A little about tides - Part 1

Yes, it is about the moon (mostly), but how?

TRIVIA AND MISCELLANEOUS

9/25/20232 min read

OK, I will confess that I have never exactly understood how tides worked. I knew it was something to do with the moon and to a lesser extent, the sun. However, the occasions where I tried to really understand it, I always came short. IO don’t remember details but there was always something the didn’t completely add up. The other day, I came across a YouTube video that made it quite clear to me and thought I would share. However, it had a different explanation for the extremely high tides in the Bay of Fundy which will be the topic for a post in the near future.
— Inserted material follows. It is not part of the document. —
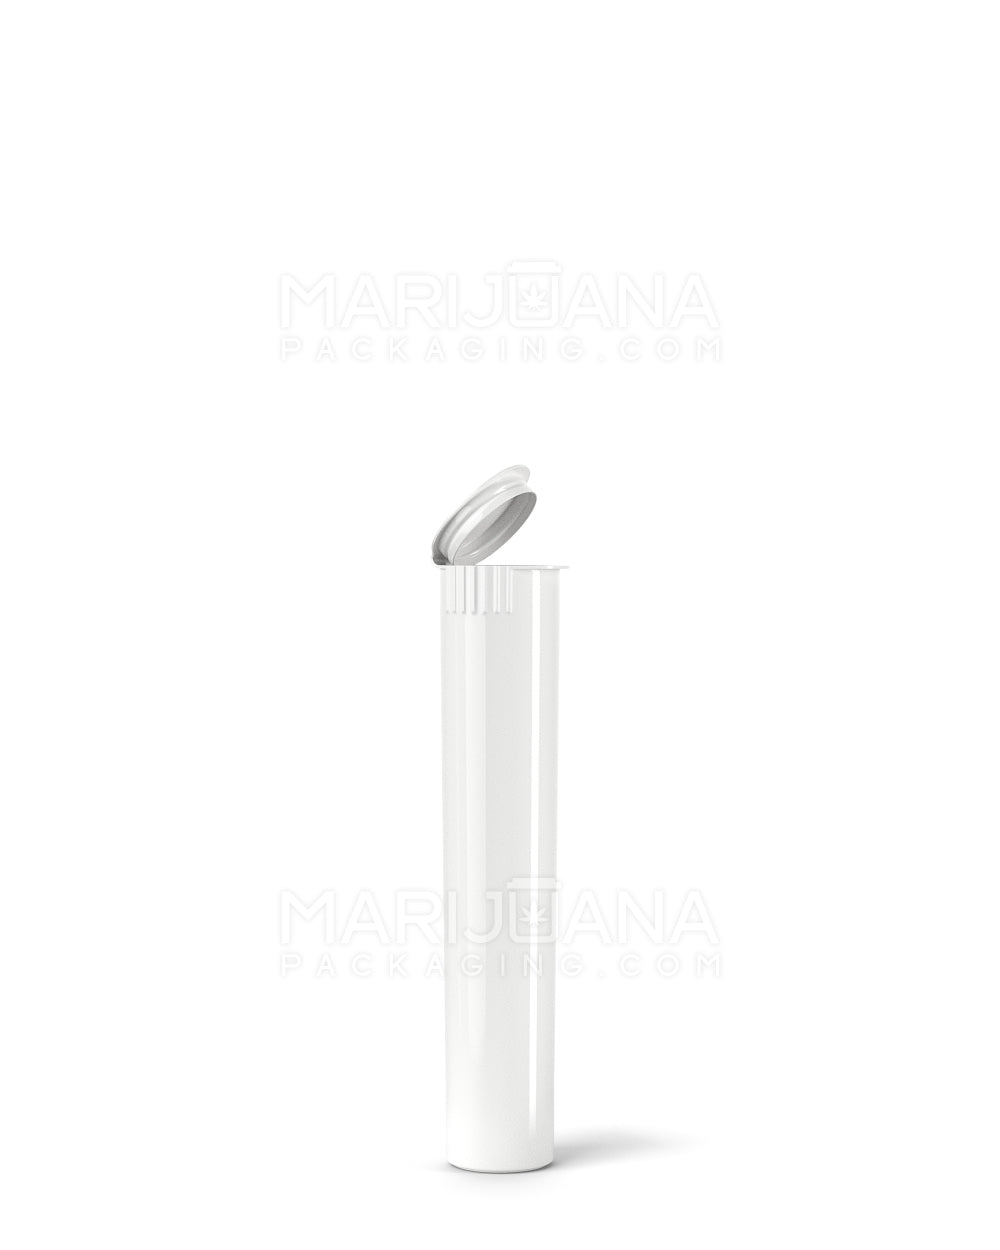 70mm Child Resistant Opaque White Plastic Pre-Roll Tubes

Agreeing with my recollection, the videos says most people think the tides are caused by the moon pulling the earth’s water closer to it. That is part of it, but then why are there two high tides per day? Shouldn’t the tide be highest on the side of the earth closest to the moon and lowest on the opposite side, resulting in a roughly daily cycle? Instead we have, roughly, two high and two low tides per day.
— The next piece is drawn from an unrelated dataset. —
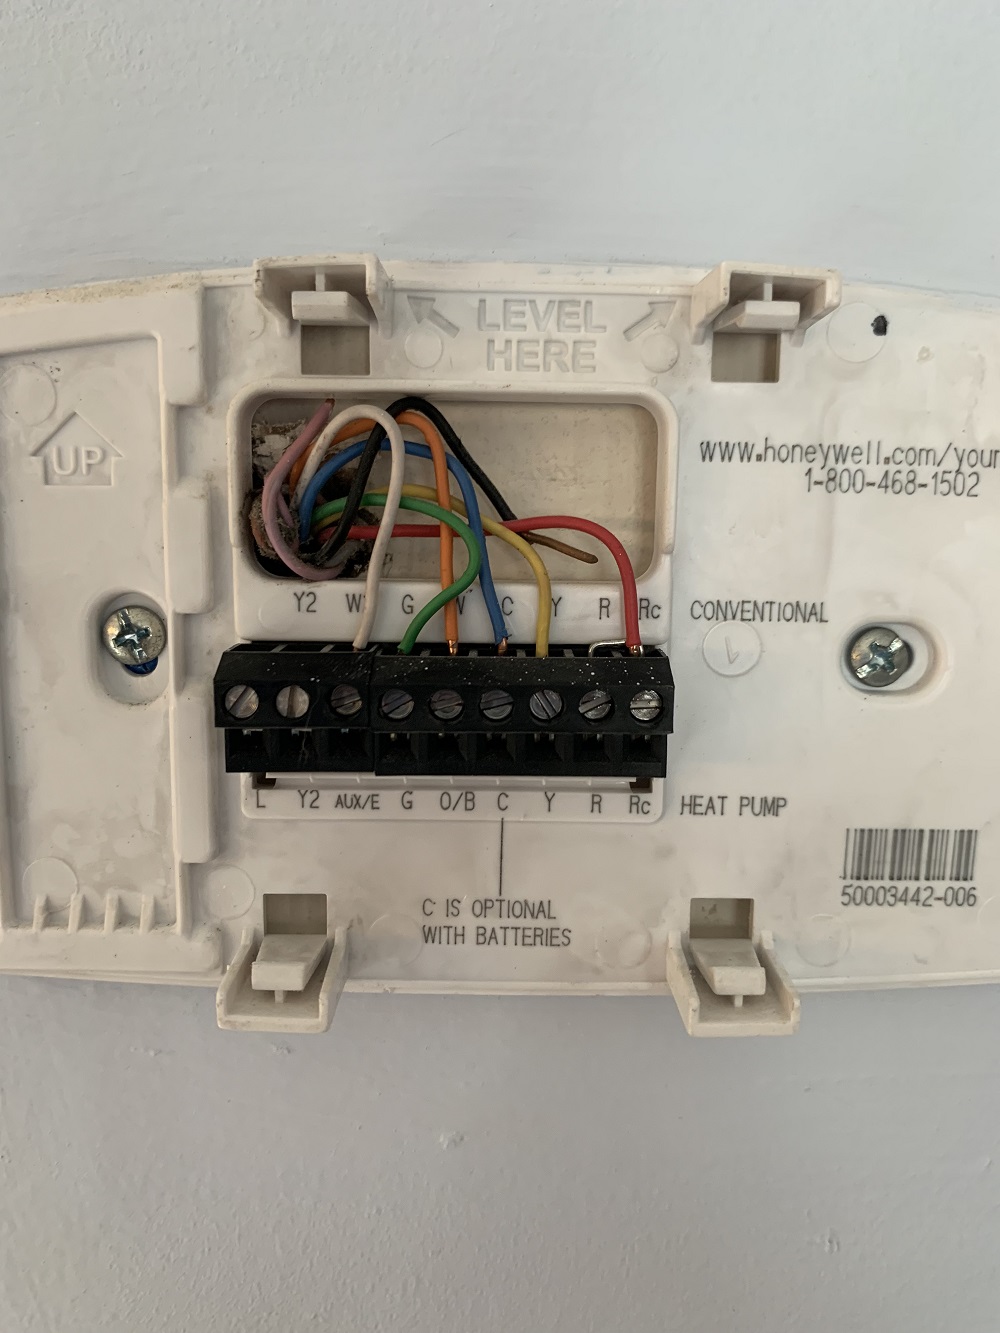 Smart Thermostat Not Cooling

The video reminds us that gravitational attraction varies with the square of the distance between the two bodies. Two bodies that are closer have more attraction and accelerate towards each other faster than two bodies far apart. Now, let’s imagine that the solid part of the earth is one solid body and the oceans are a whole bunch of little bodies. Then, as the earth is accelerating towards the moon at some rate, all those little water bodies closest to the moon will be accelerating faster than the center of the earth as a whole and thus bulge towards the moon (and away from the earth) a small amount causing a high tide. On the opposite side of the earth, the water is accelerating slower and thus falling behind the earth, bugling away from the earth (and the moon) causing a high tide on the other side. Viola! Two tides per day as the earth rotates.